La Virgen tiene un peso considerable en el universo de la teología cristiana. Su naturaleza amable informa la compasión de sus actos, es sobre todo una mediadora que, a diferencia de la estoica incondicionalidad del creyente clásico, ofrece la duda humana como una expresión más de la riqueza de su compromiso, brinda incluso la posibilidad de mediar en el designio divino a través de los oficios de una mujer a veces tan humana que es capaz incluso de dudar del equilibrio emocional de su hijo . Hay momentos en los que la madre de Cristo desborda su personaje, la Virgen no tiene piel es solo de porcelana, sobreponiéndose al hieratismo doctrinal; la potencia del personaje, su papel nuclear en la vida y pasión de Cristo desborda ese escenario y presenta un tipo de seducción sin engaño ni cosmética alguna, su atractivo se reduce a una fascinación espiritual al que cualquier añadido tangible pervierte . Así pues, la Virgen María es el modelo de belleza, del cristianismo primero, y del catolicismo después, ya que el rigor protestante excluía esa excesiva antropomorfización de la iconografía religiosa pues distorsionaba la fe, dando pábulo a ciertas herejías; los ebionitas , por ejemplo, admitían incluso una cierta inclinación concupiscente en su naturaleza. La Iglesia primitiva se vio impelida a ajustar el papel de la Virgen mujer, a un modelo riguroso de pulcritud maternal totalmente asexuada, y ello hasta el punto de hacer desaparecer esa figura confusa de San José que, aunque mantenida en un segundo plano cargado con la pesadez pasiva de la ancianidad que hace de él solo un buen compañero, pero en nada un vecino de cama, apercibida su masculinidad por un desideratum que no estaba a su alcance. Con cierta premura se desembaraza rápidamente de él el Nuevo Testamento, al que por cierto, debemos agradecer la inconsciente afabilidad con la que adapto la herencia infumable de las Antiguas Escrituras a un mundo marcado ya por la mentalidad intelectual grecolatina. Aún así apuesto por una joven de no más de dieciséis años, probablemente menor, casada con un hombre que la triplicaba en edad, lo cual no hace inconsistente la figura de San José con la ancianidad, toda una realidad ya en varones próximos a los cincuenta años, visto el espectro humano y las expectativas vitales de la zona.

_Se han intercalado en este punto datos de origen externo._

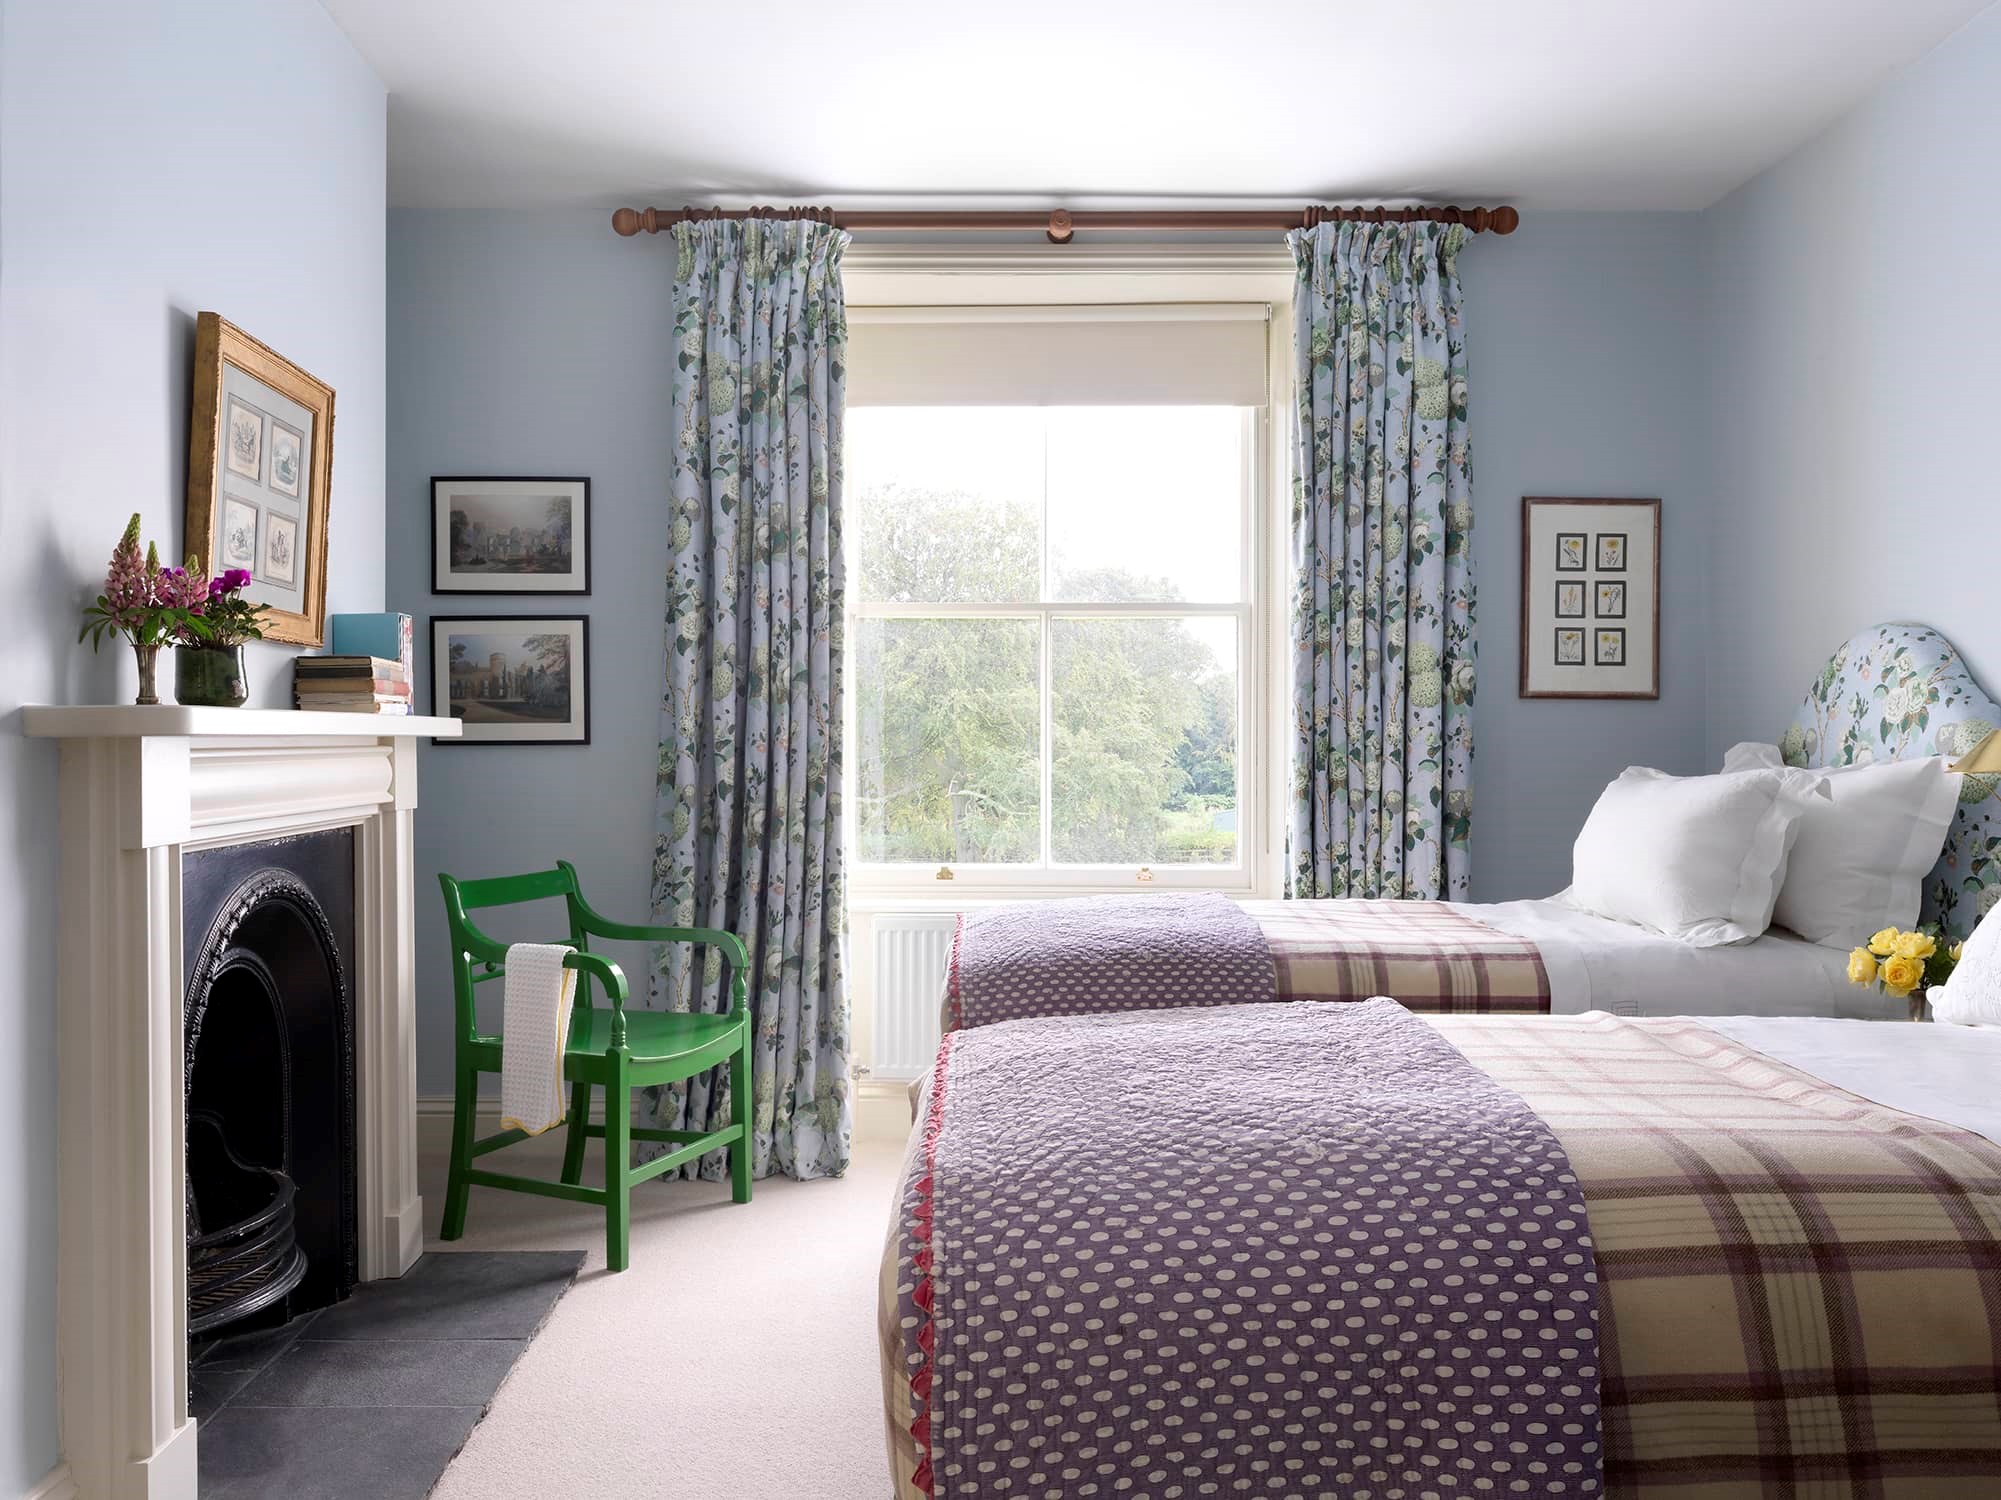 North Farm, Walworth - Spring bedroom with twin bed which can be a superking double on request

La presencia de María, es en muchos aspectos teológicos cuestionable, a la vista de la insuficiente literatura recogida en el canon bíblico , pero a la postre inspira y fortalece la feminidad, permitiendo eludir una dinámica destinada a marcar los espacios entre el género femenino y el masculino, estables incluso más allá de la muerte física, como podremos verificar en la escatología islámica y que, en el caso del cristianismo, es capaz de inspirar un Edén en el que se practique una comunidad espiritual efectiva entre ambos sexos, alejada del sensualismo islámico en el que no queda muy claro el papel de la mujer como sujeto libre.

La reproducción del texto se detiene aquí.